Cavendish's victory in the 222.5 km stage between Blagnac and Brive-la-Gaillarde was his 22nd stage win at the Tour, moving him up to fourth in the all time records. He is now level with American Lance Armstrong and legendary French sprinter Andre Darrigade.

"Twenty two stage wins... has it sunk in? Yeah! Because I've been waiting to do it for nearly three weeks now," Cavendish told the Tour website.

"I'm now equal with Andre Darrigade: he won 15 sprints but 22 stages of the Tour de France. So to match him is something, it makes me happy"

The first incident of the day occurred 120 km into the stage when a large dog ran onto the course, causing a crash.

I've had a lot of desperation for a sprint as we haven't had a lot for me to do this year
Mark Cavendish

Four riders were unseated in the collision, notably Philippe Gilbert of the BMC team.

The former Belgian national champion took a moment to remonstrate with the dog's owner before climbing back onto his bike. Gilbert later received treatment during the race from Tour medical staff.
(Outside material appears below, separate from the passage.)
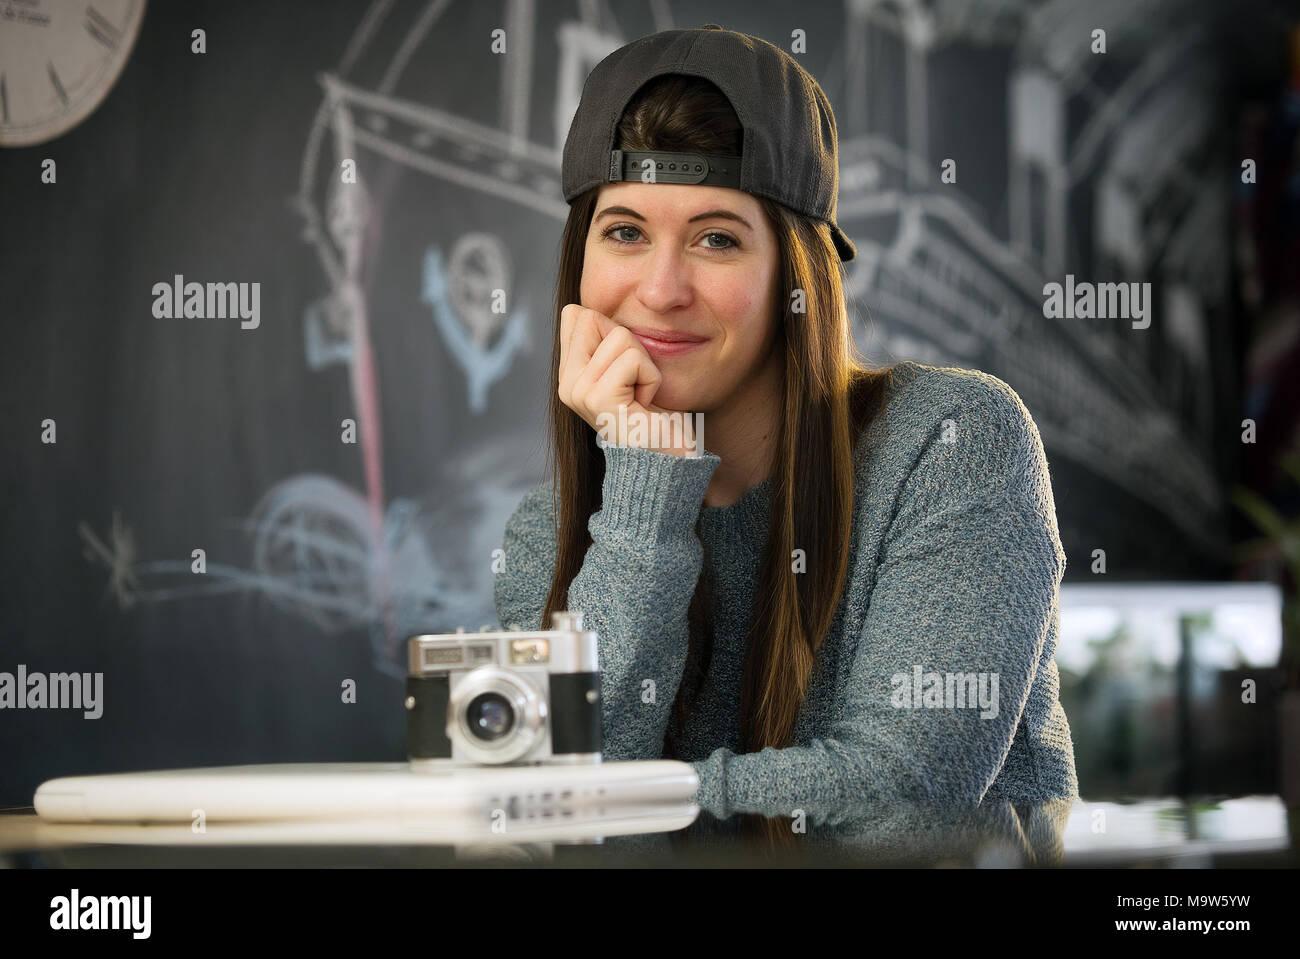 Repentigny, Kanada, 27, März, 2018. junge Frau an der Kamera lächelnd in Ihrer Küche. Credit Mario Beauregard/Alamy leben Nachrichten Stockbild

Team RadioShack-Nissan rider Franck Schleck, who withdrew from this year's Tour after a failing a doping test, has protested his innocence after announcing that his 'B' sample also tested positive.

"The result of the counter test was positive, but for me nothing changes," he said in a statement.

"I just know that I did nothing wrong. I will therefore continue my search to find out ho the substance could have entered my body."

Luxembourger Schleck, whose brother Andy won the 2010 tour when Alberto Contador failed a doping test, was 12th when he withdrew from the race.